Directions for this task →
The whole listing below is to be copied exactly, with every picture left out.

======== Supplied data

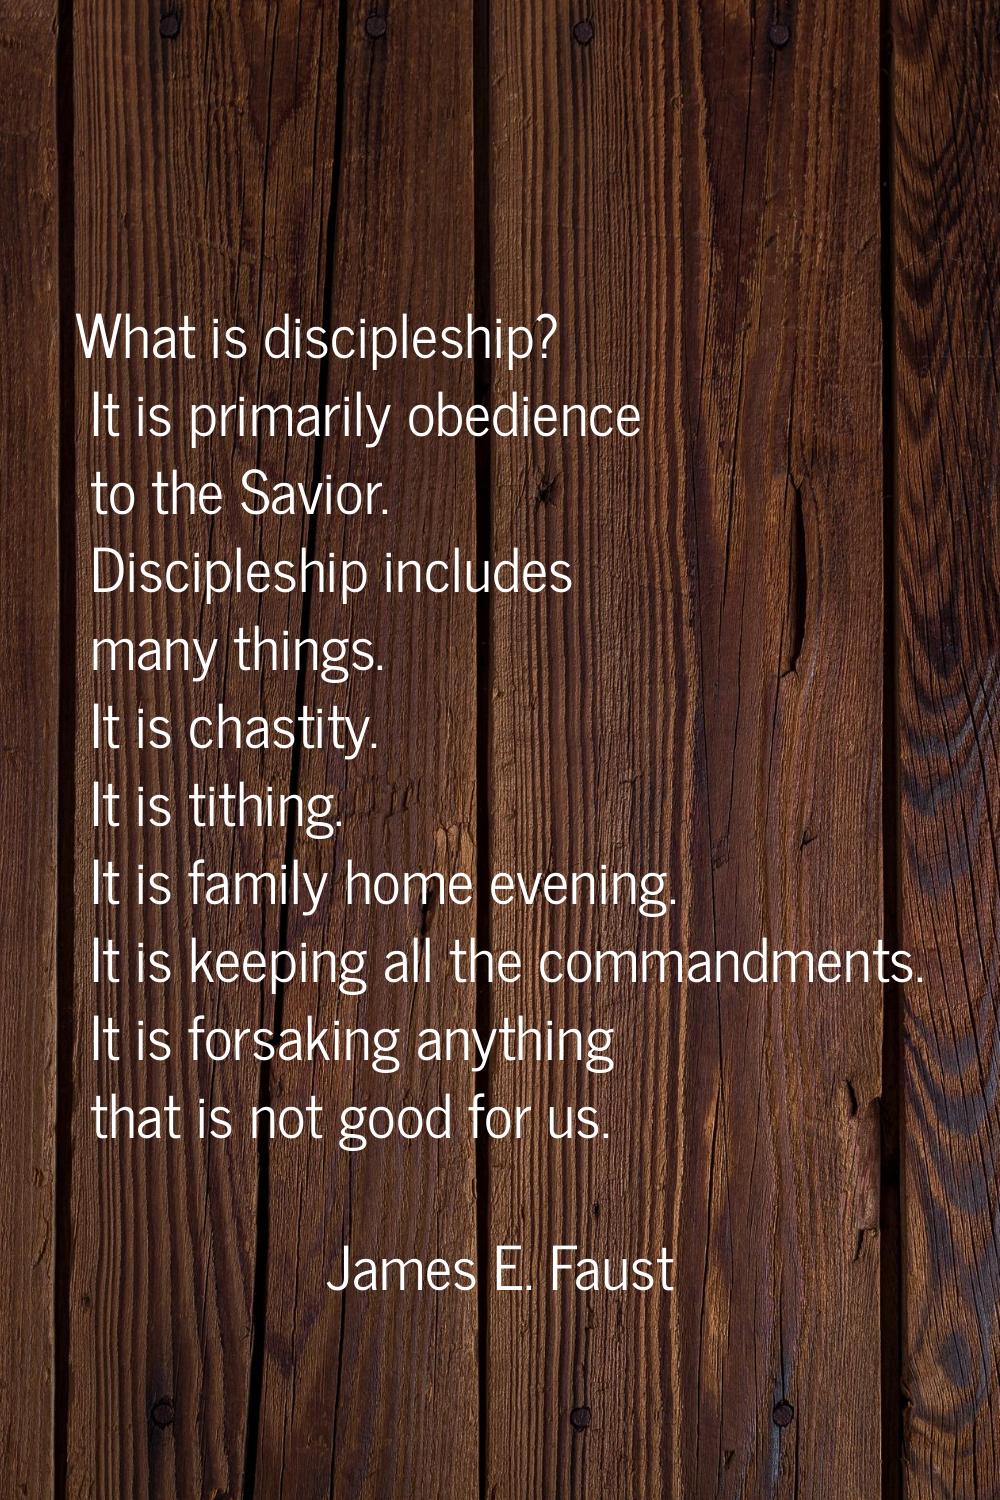 What is discipleship? It is primarily obedience to the Savior. Discipleship includes many things. I
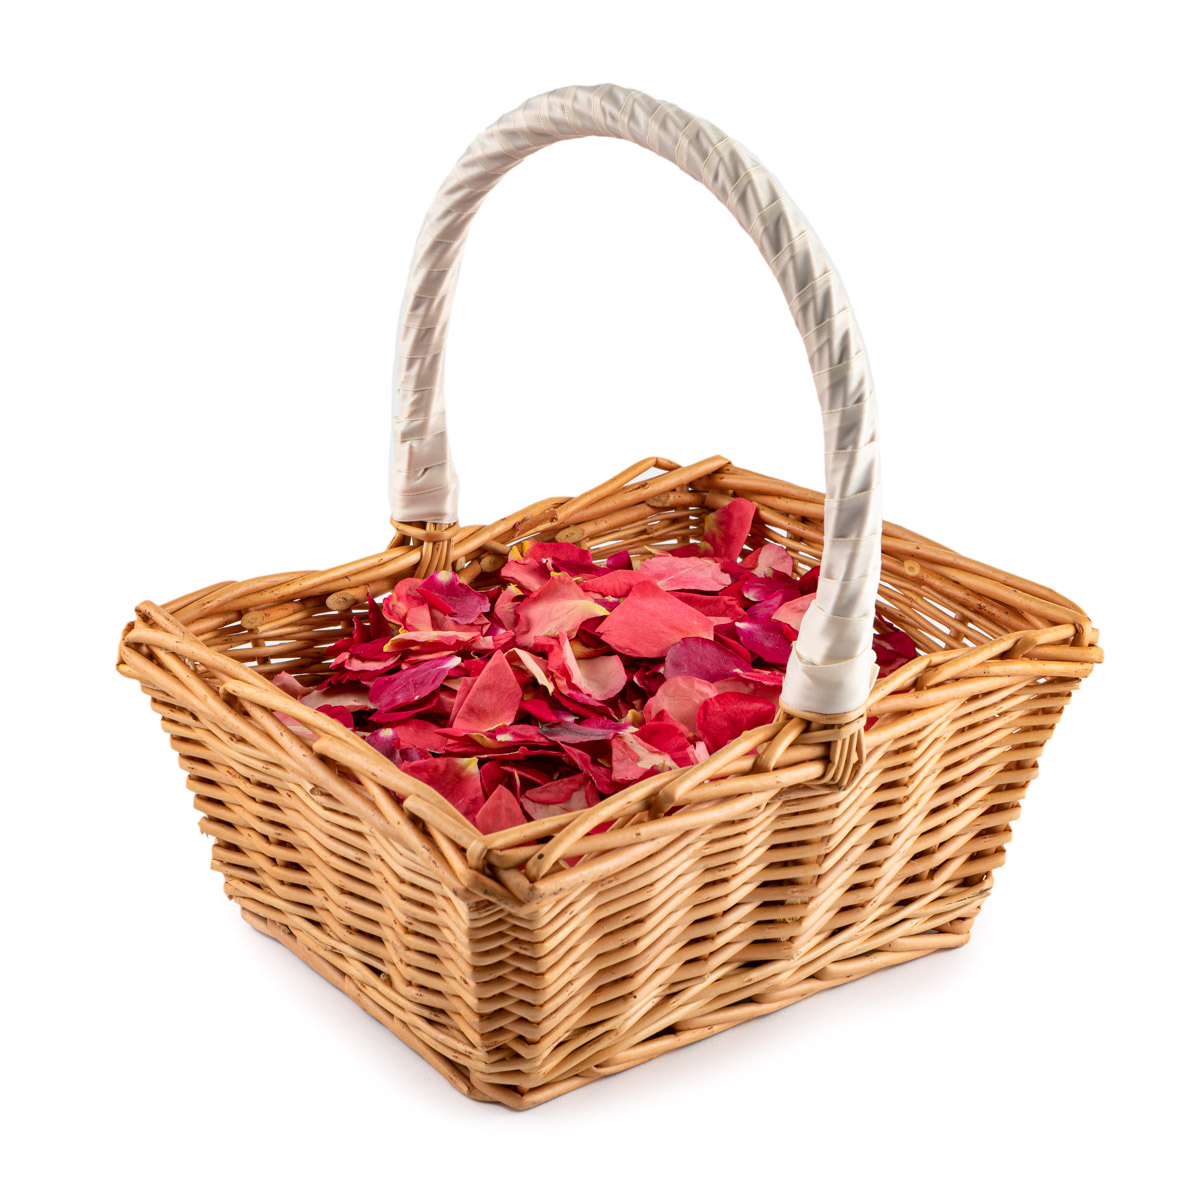 A Rectangular Basket filled with Rose Petal Confetti
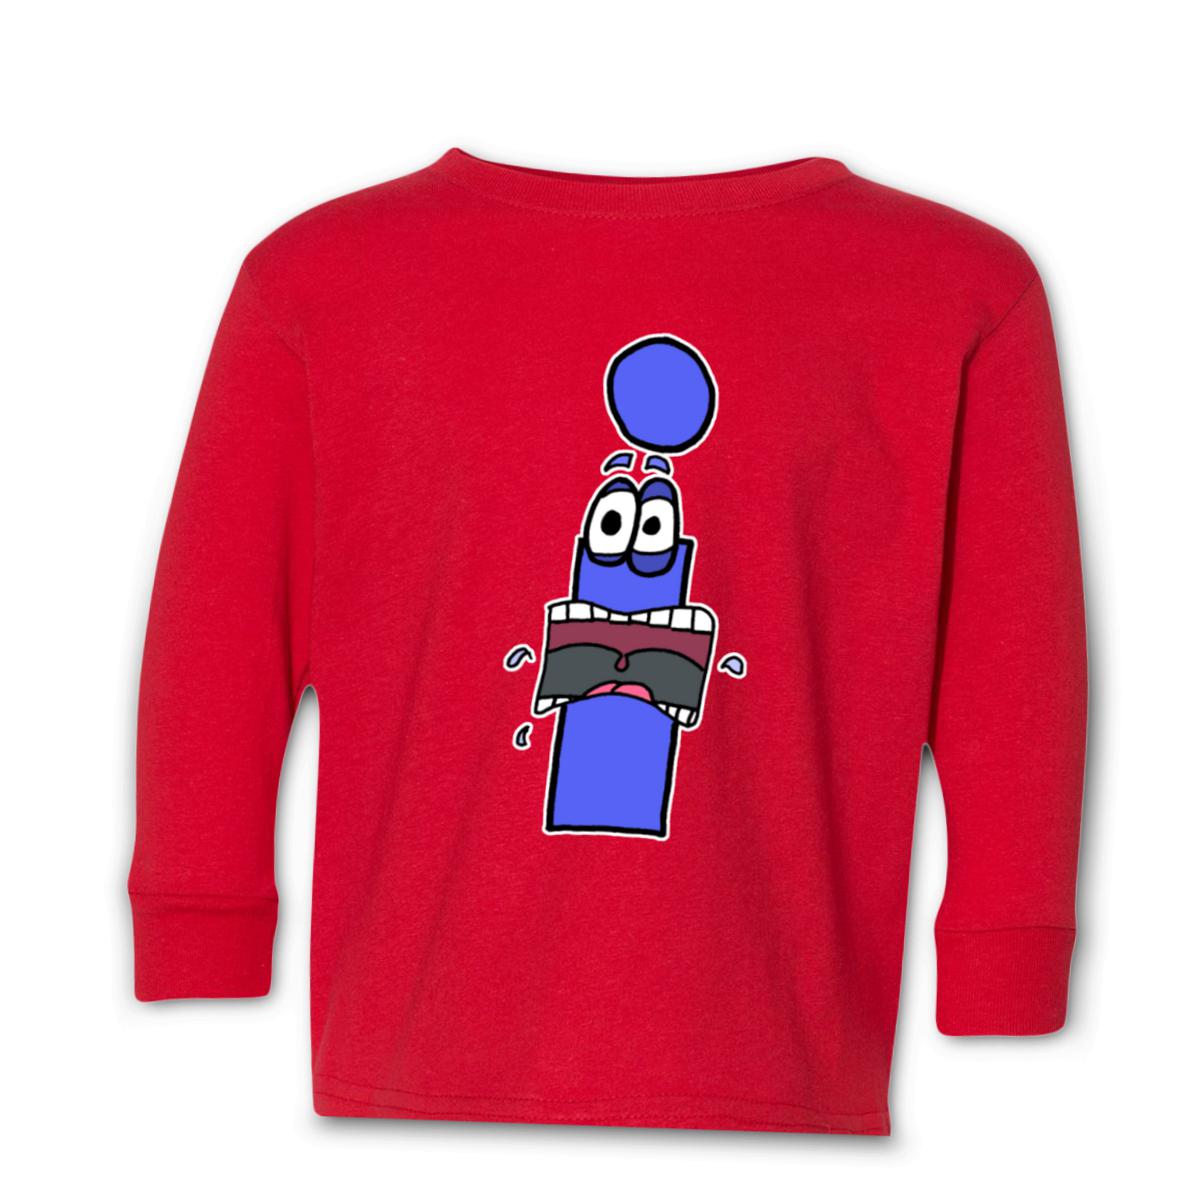 I Scream Toddler Long Sleeve Tee 56T red
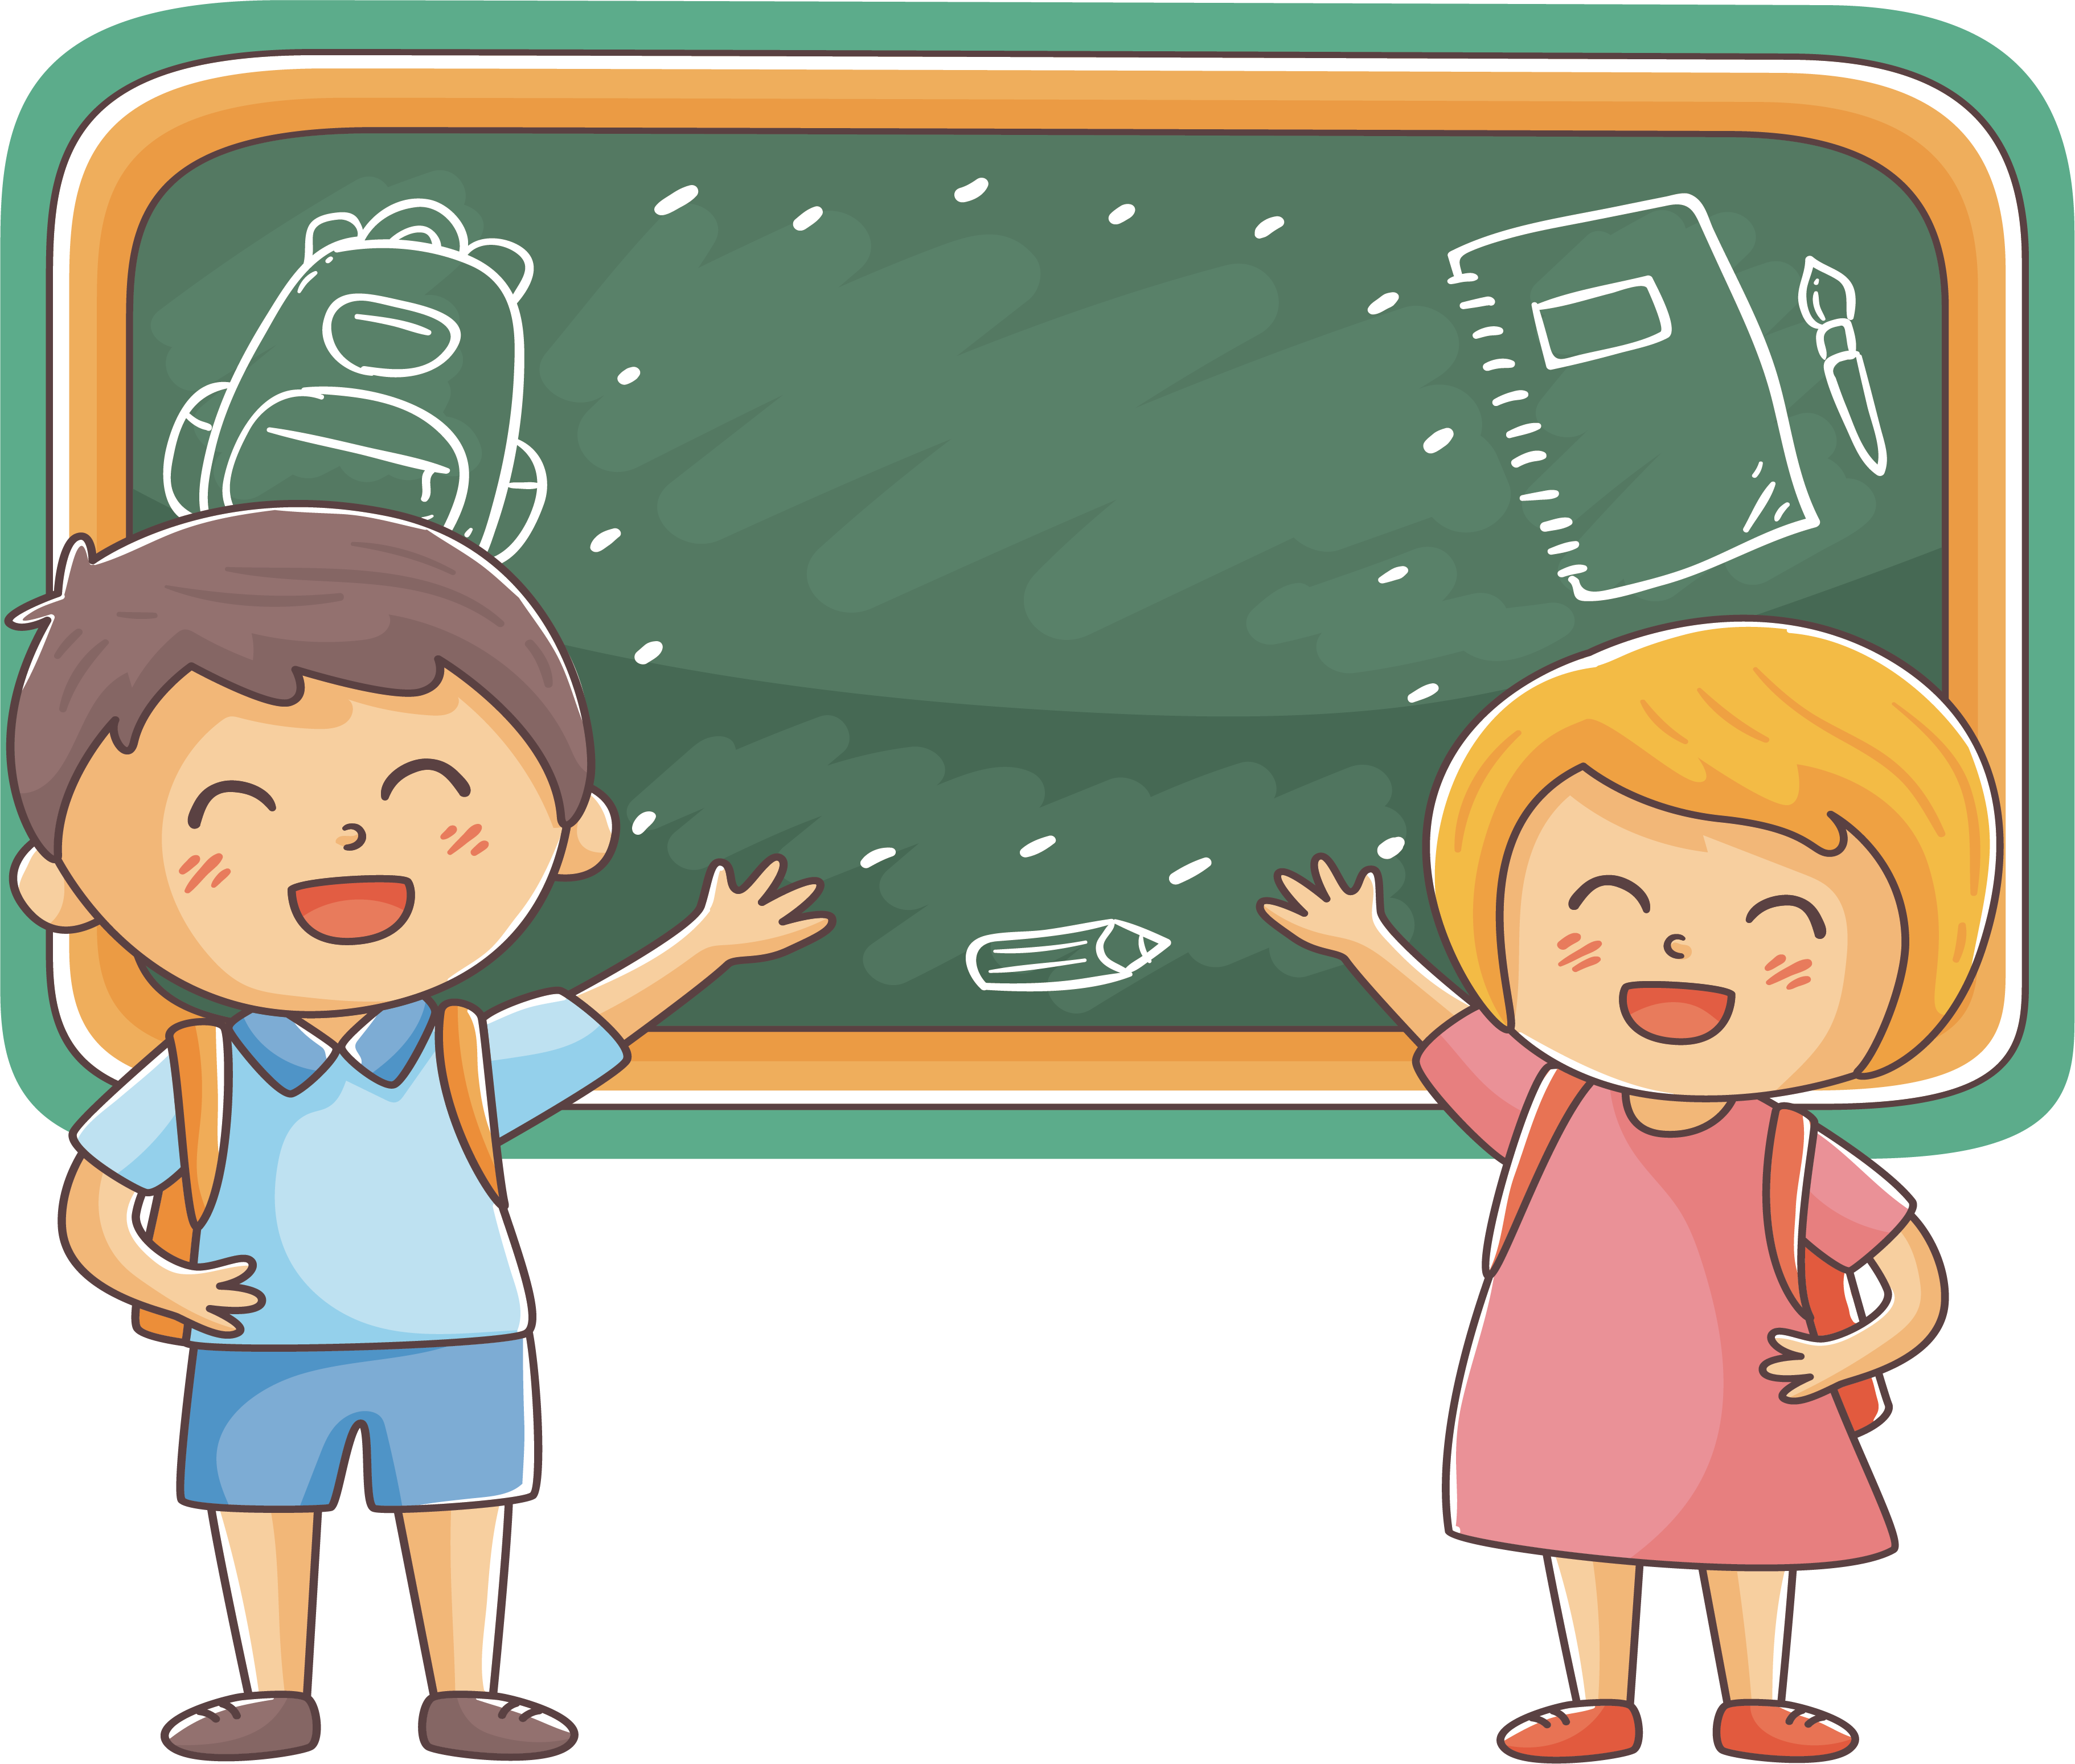 kisspng-student-school-learning-education-welcome-back-to-school-5a7ab1a10d14e2.9946037115179903050536.png

================

Result of this task →
 What is discipleship? It is primarily obedience to the Savior. Discipleship includes many things. I
 A Rectangular Basket filled with Rose Petal Confetti
 I Scream Toddler Long Sleeve Tee 56T red
 kisspng-student-school-learning-education-welcome-back-to-school-5a7ab1a10d14e2.9946037115179903050536.png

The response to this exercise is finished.